▸ Input data
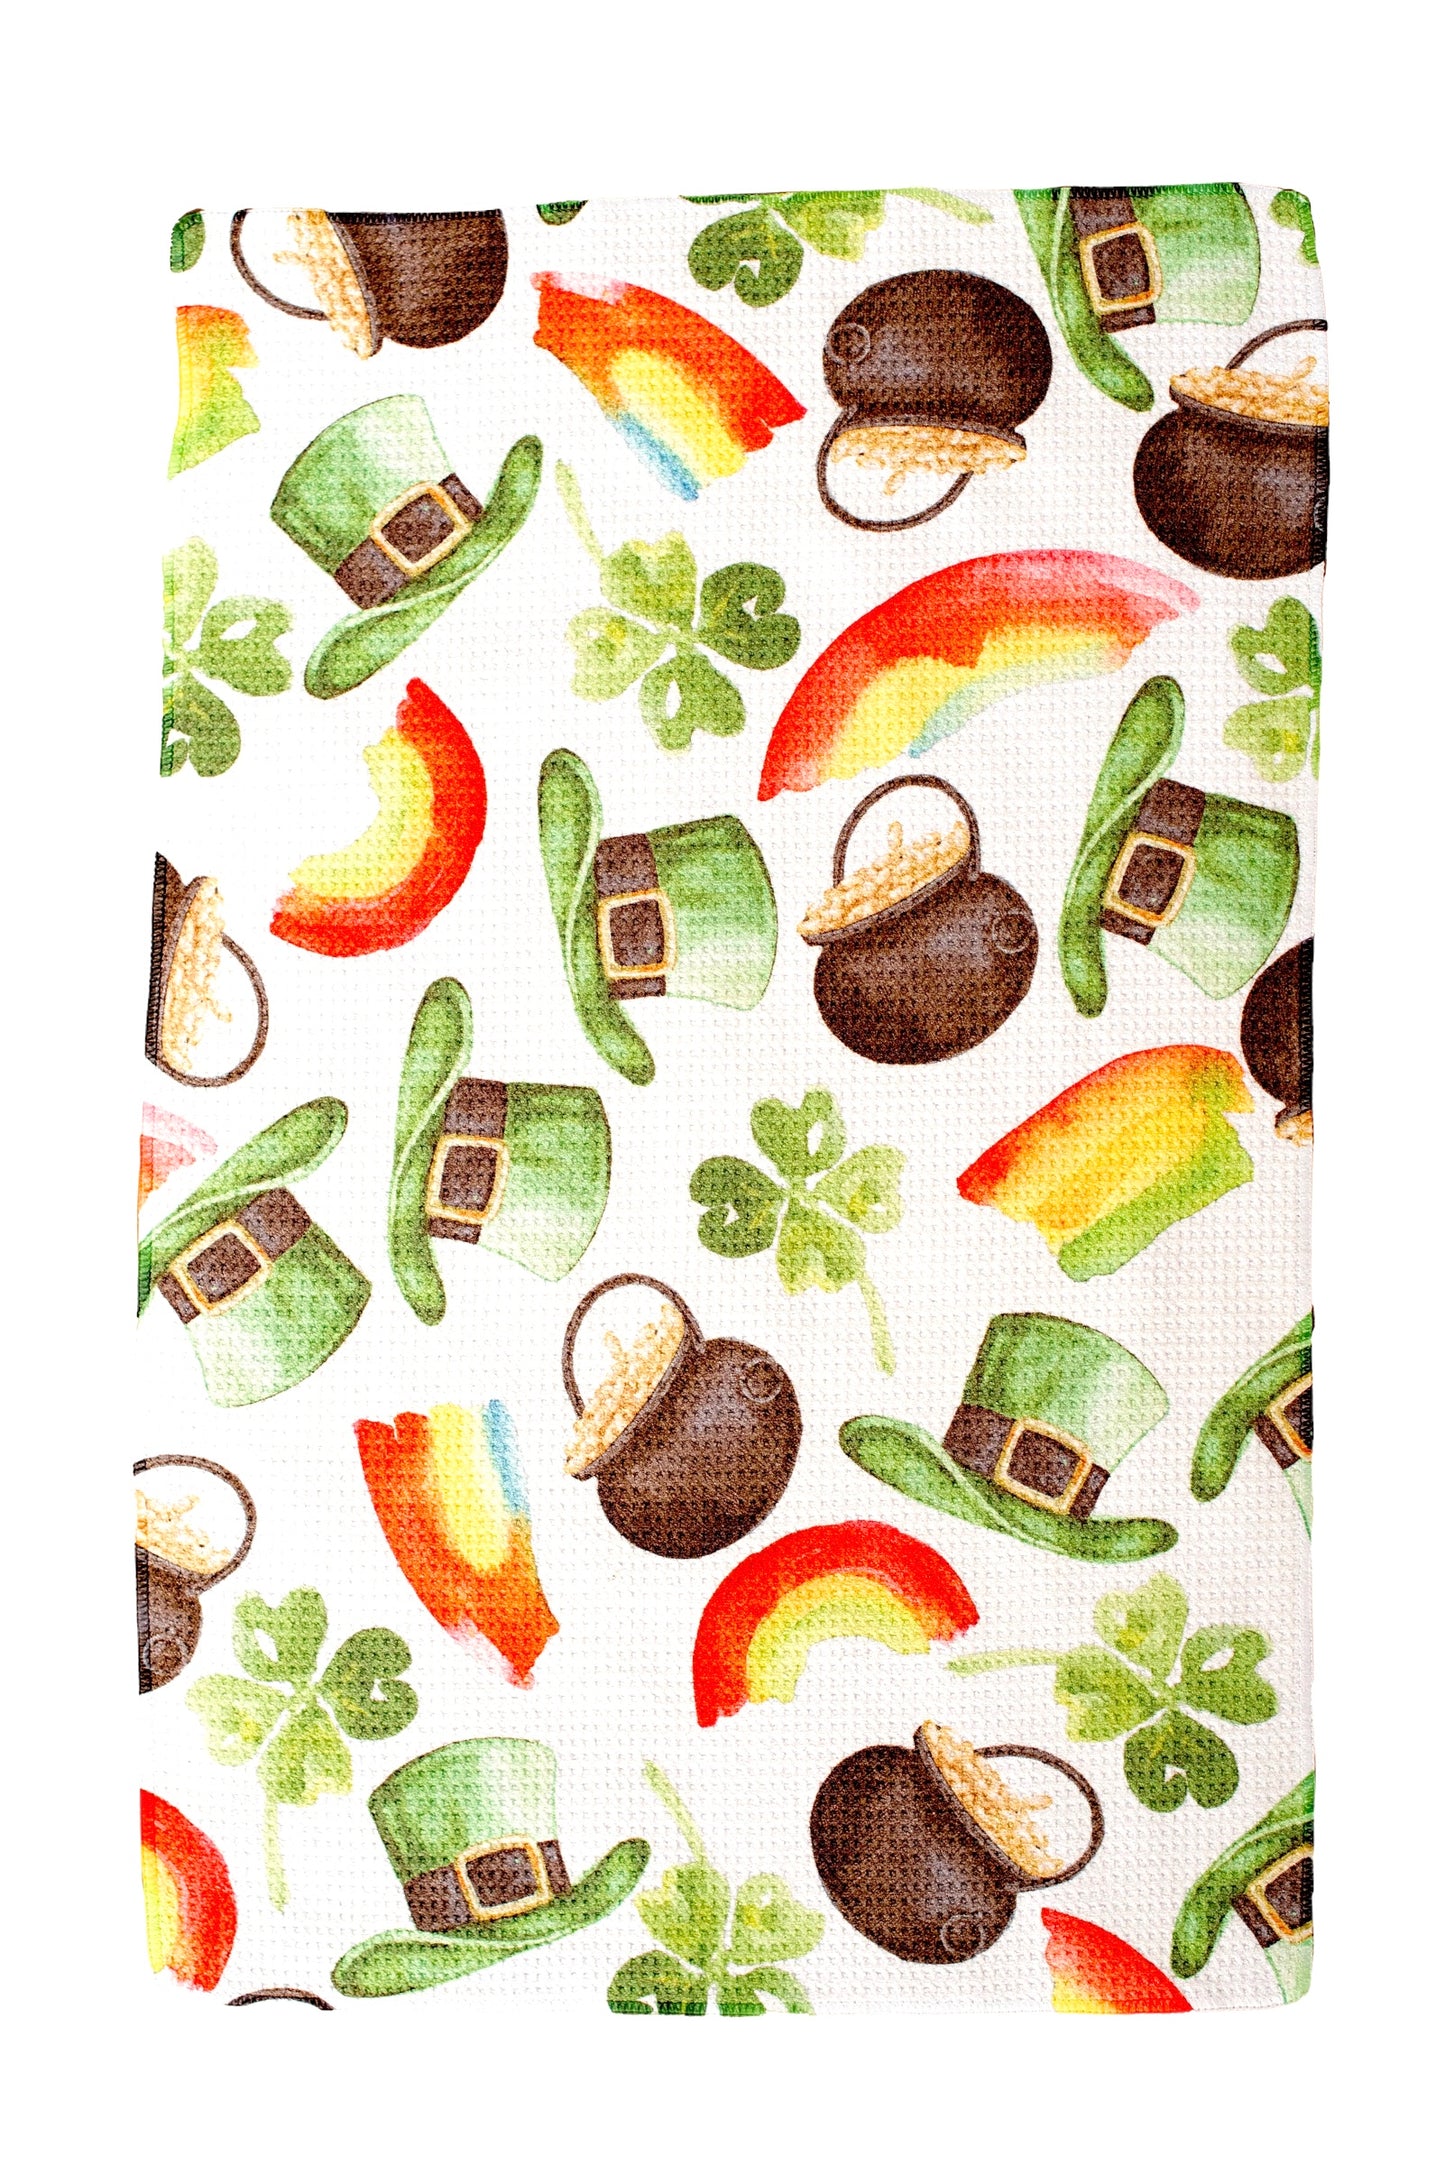 Pot of Gold: Single-Sided Hand Towel
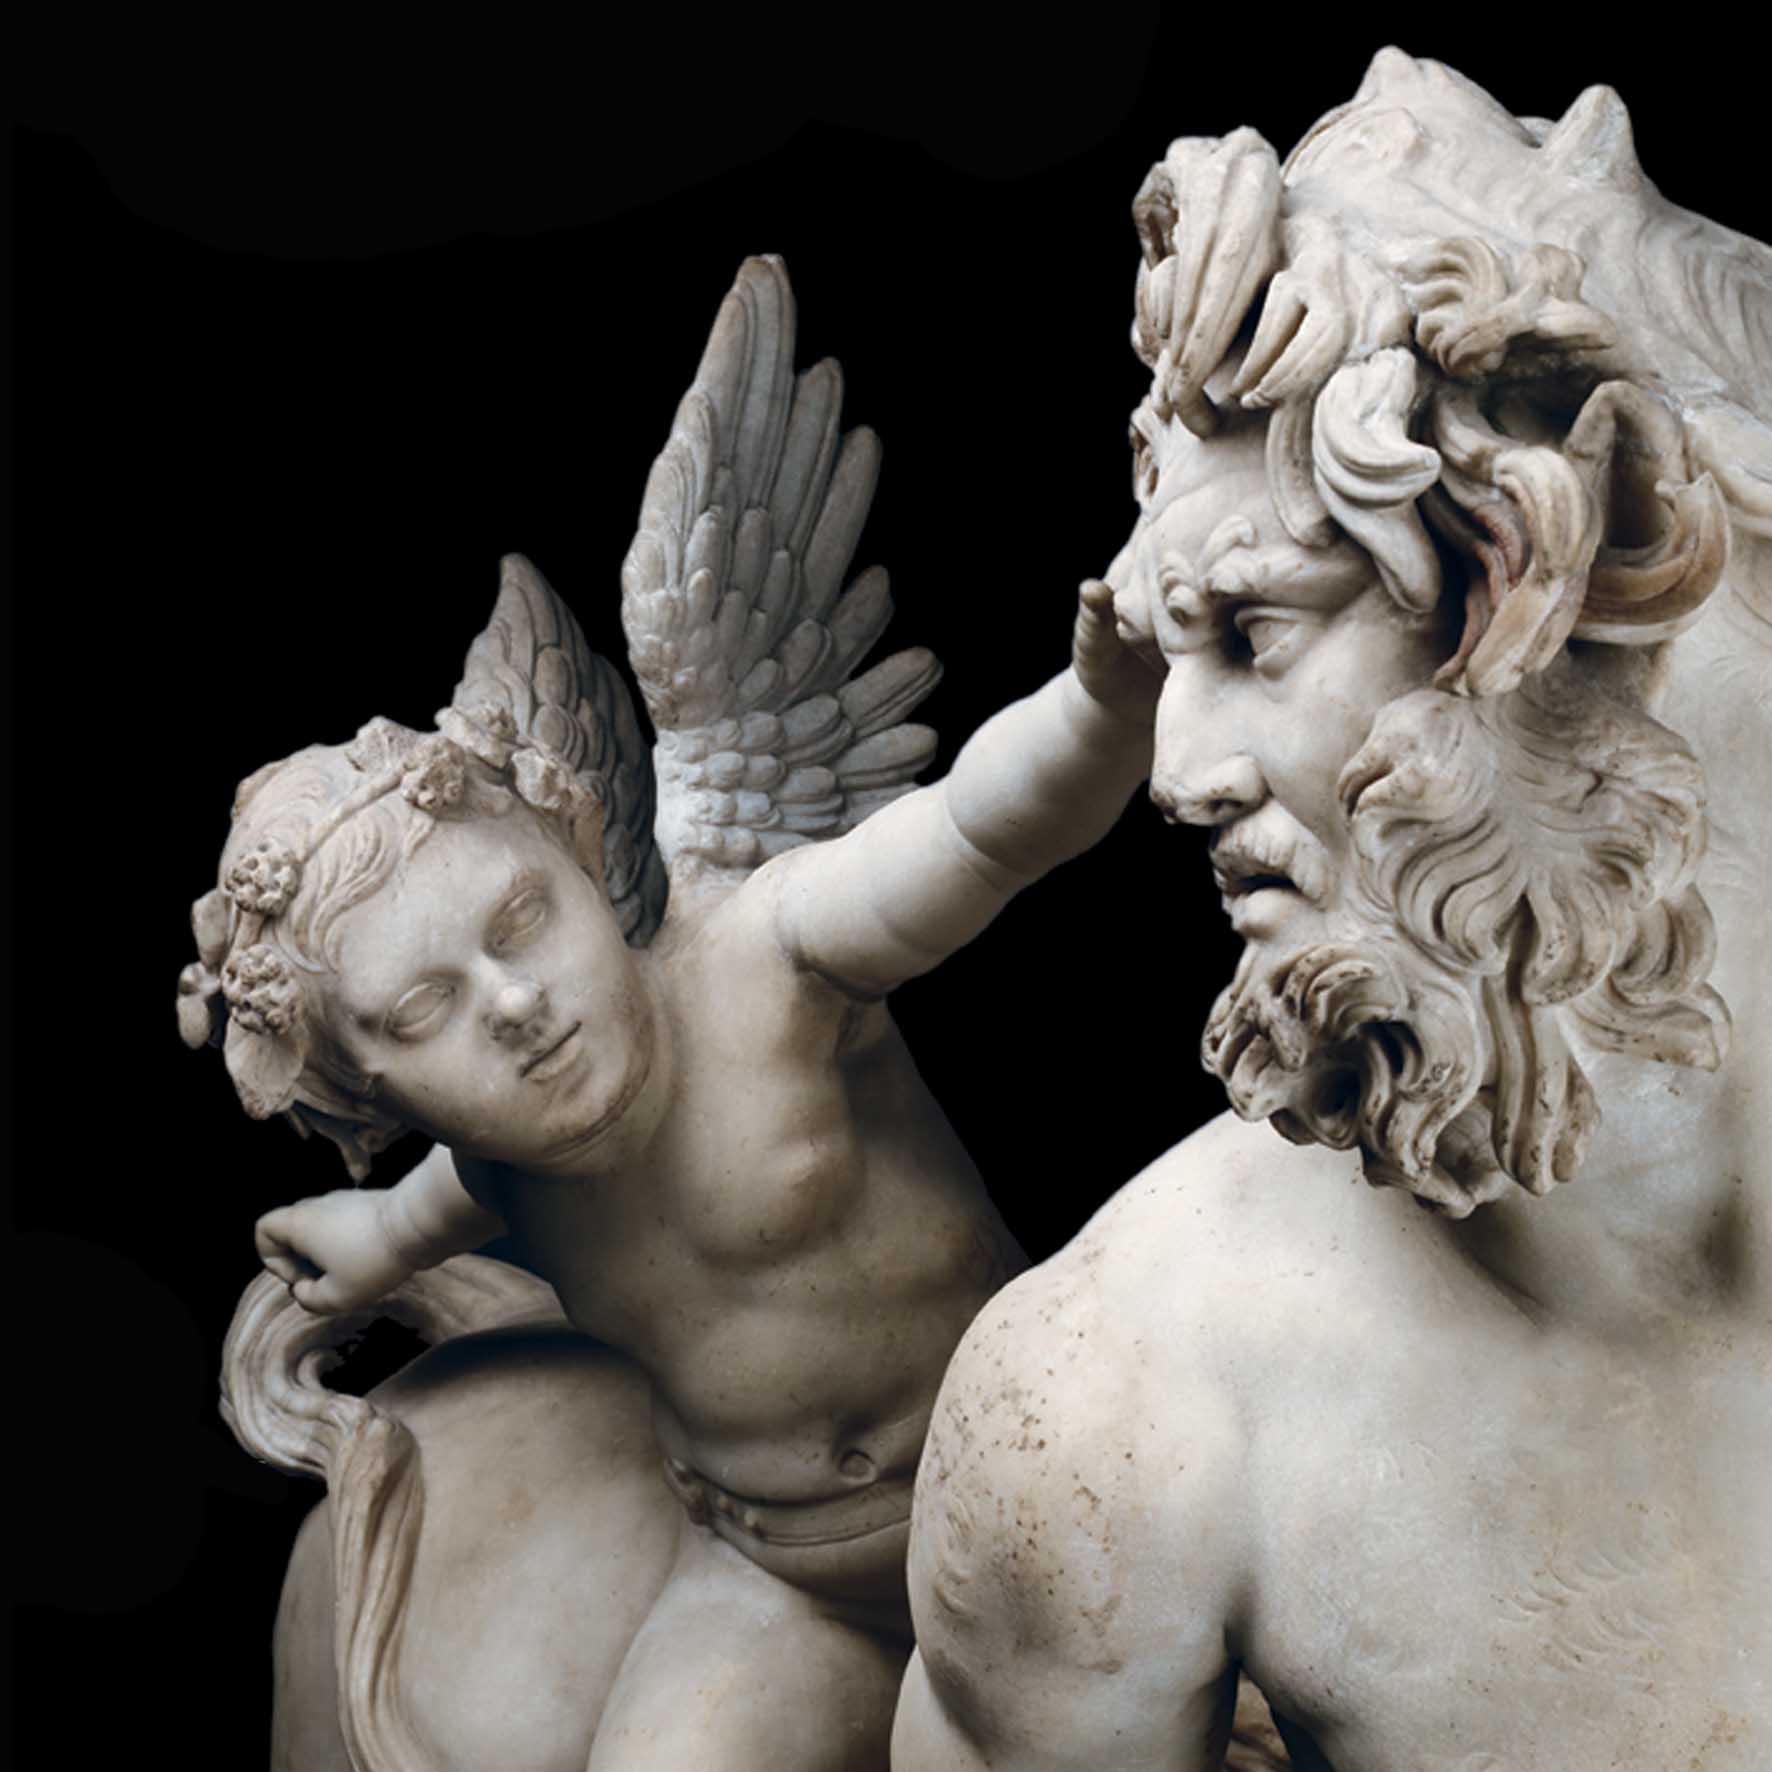 The Borghese Antiquities
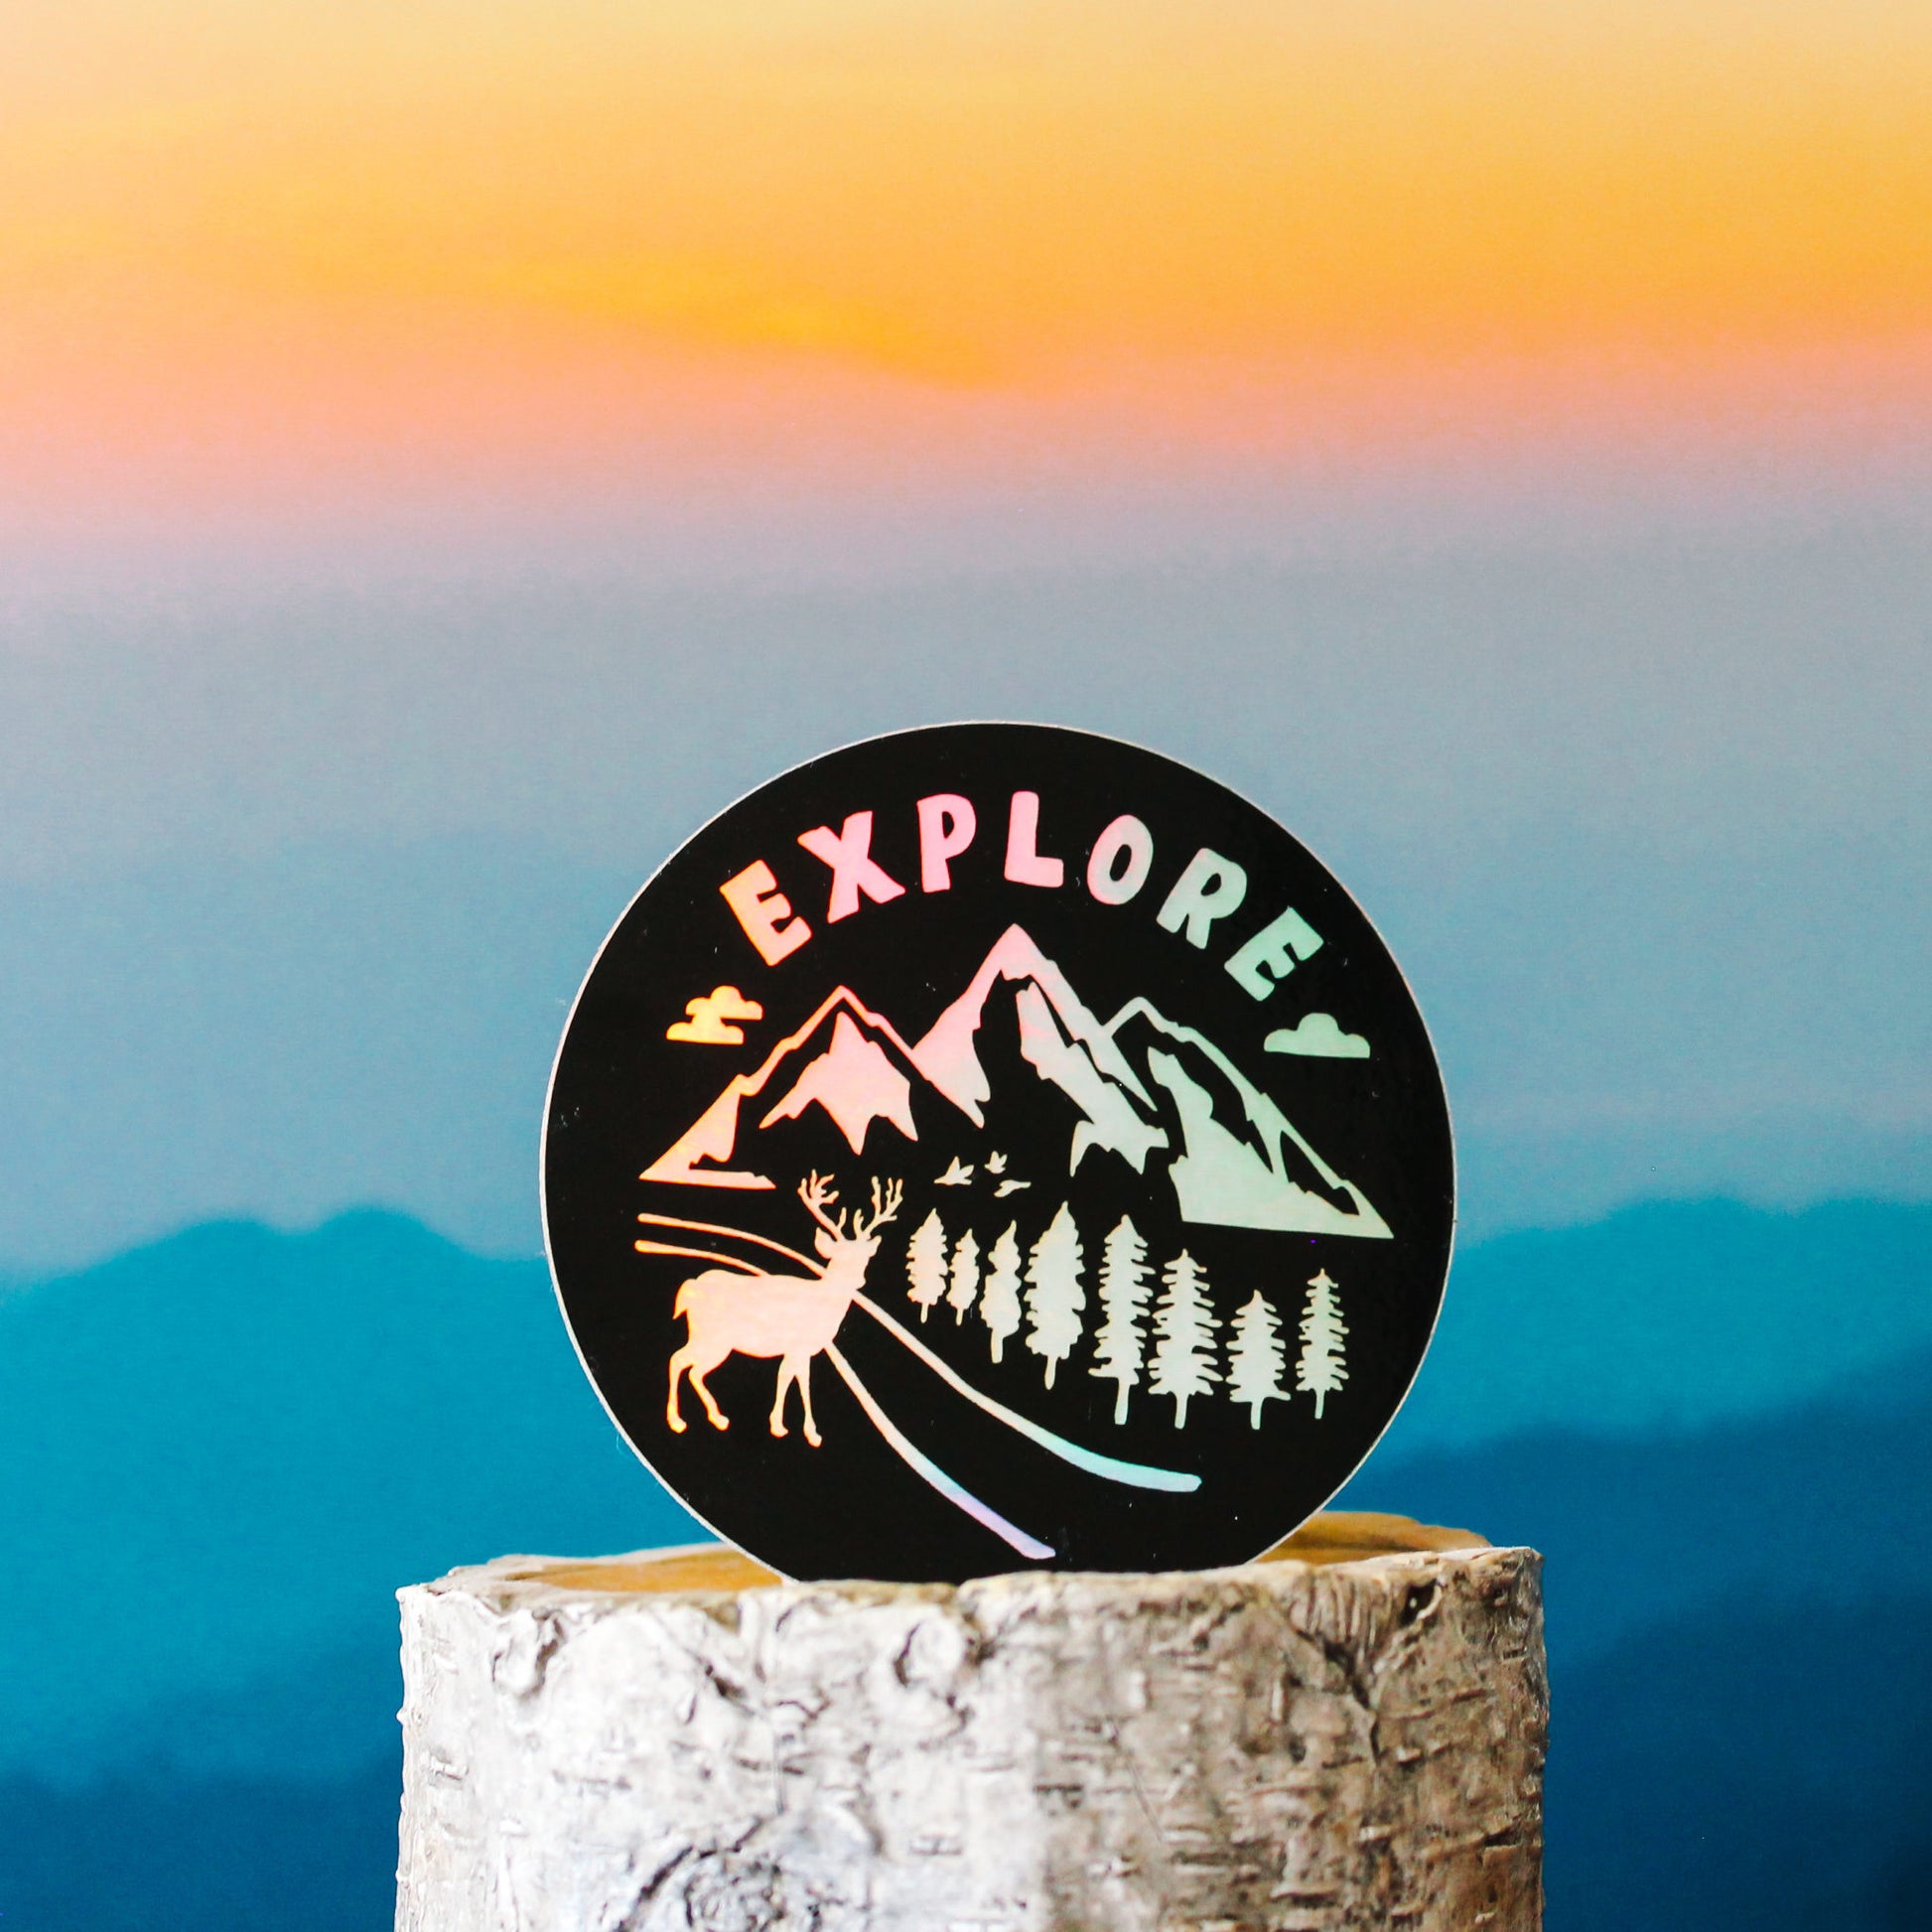 black and rainbow holographic sticker with outdoors and forest scenery with text "explore"

▸ Your task
Write out every line of the listing exactly as written, and leave the pictures out.

▸ Exercise result
 Pot of Gold: Single-Sided Hand Towel
 The Borghese Antiquities
 black and rainbow holographic sticker with outdoors and forest scenery with text "explore"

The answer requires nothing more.